4. Close the PR Feedback Loop
Most teams review agent PRs, leave comments, and then manually fix whatever the agent got wrong. That’s a missed loop. The agent can do that work.
The tooling for this has gotten surprisingly good. GitHub Copilot now does PR reviews, and they don’t have to be shots in the dark. Your copilot-instructions.md file shapes what Copilot looks for and how it responds, the same way it shapes code generation. You can tell it to flag missing test coverage, enforce naming conventions, or check that acceptance criteria are met. The review reflects your standards, not generic suggestions.
You can also run these reviews locally in VS Code with the GitHub extension’s PR Review button. No context switching to the browser, no waiting for CI. Just open the PR, click review, and Copilot walks through the diff with your instructions in mind.
When you get review feedback, you can tag @copilot in a PR comment and it will push a fix. Other agents like Claude Code and Codex can do this too. The review becomes a conversation: you leave a comment, the agent addresses it, you re-review.
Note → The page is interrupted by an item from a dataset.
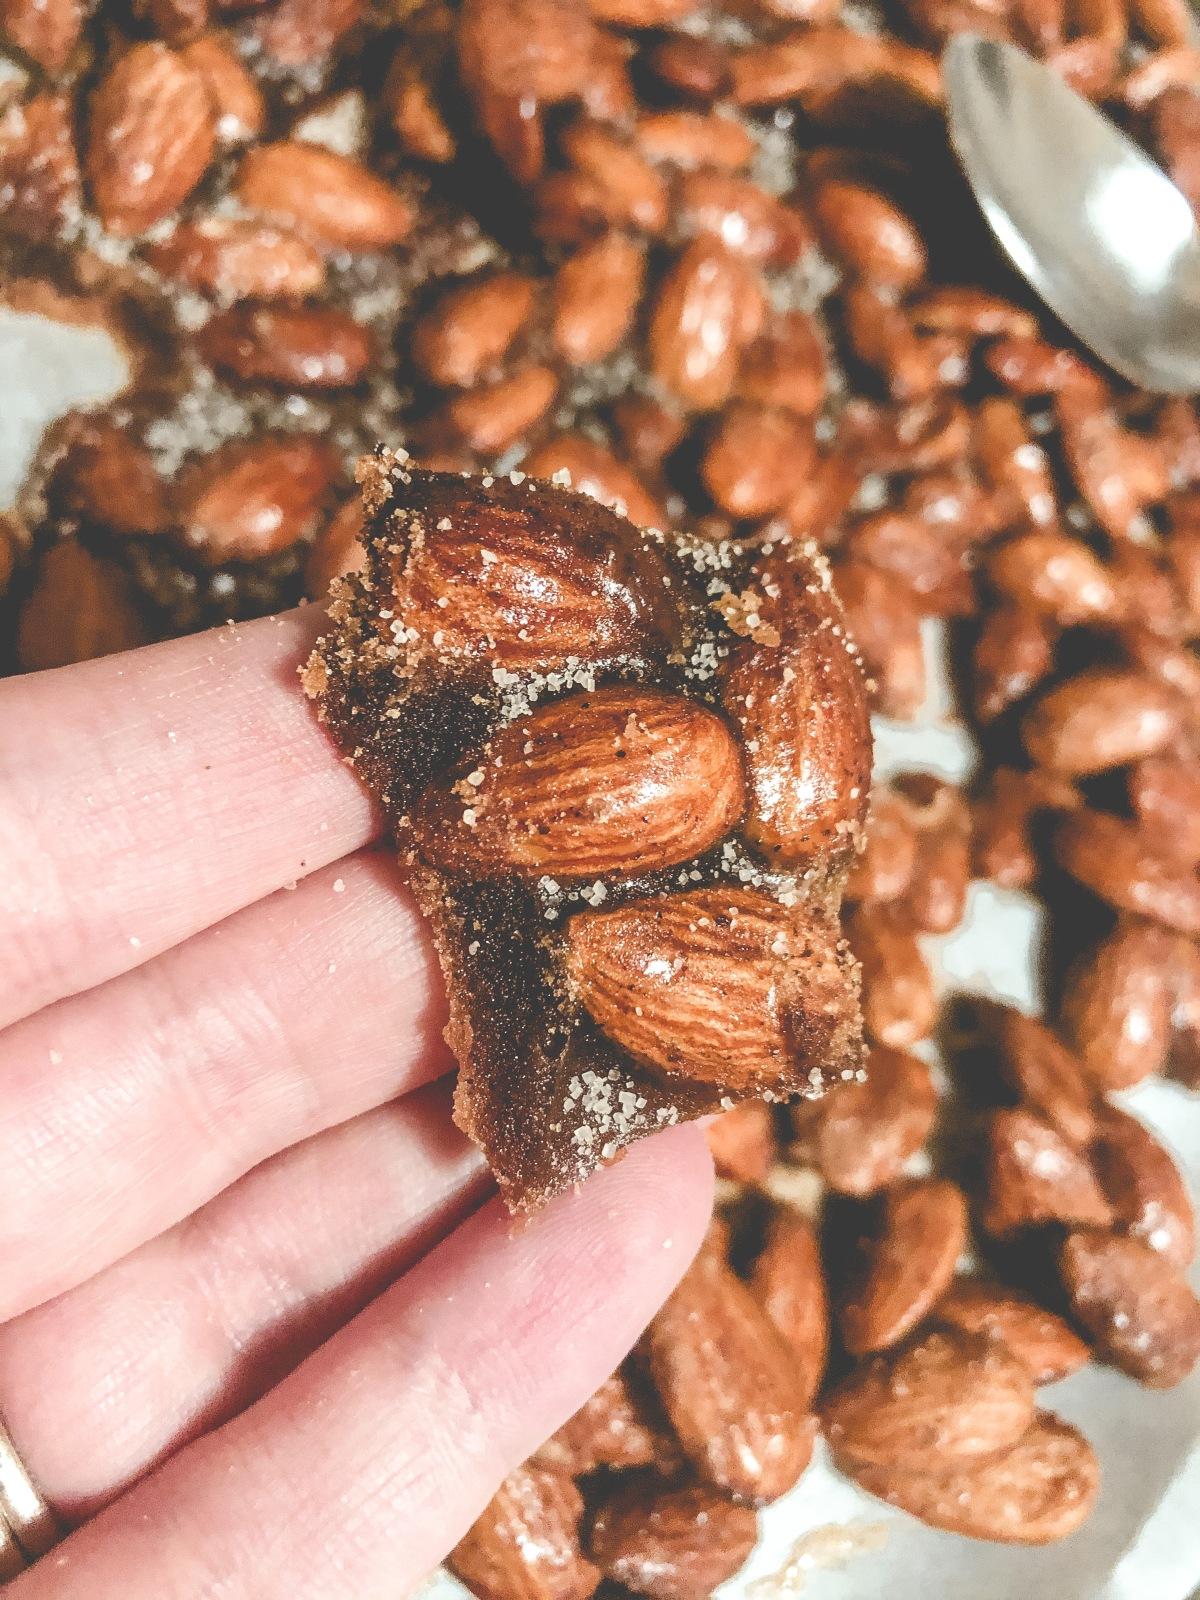 My recipe for Crunchy, cinnamon-SugarAlmonds

Paired with verification loops, most agent PRs converge in one or two review cycles. The agent catches the mechanical stuff itself; I focus review on design and intent. For teams I’ve coached, this is where the biggest mindset shift happens: treating the agent like a junior dev who can take direction, not a black box that either works or doesn’t.
The takeaway
If scaffolding matters several times more than model selection, the teams getting the best results aren’t the ones with the biggest AI budgets. They’re the ones with the most disciplined engineering practices.
Pick one of these four changes, implement it this week, and measure the difference. I think you’ll find that your “underperforming” model has been capable of much more all along. It just needed a better workflow to show it.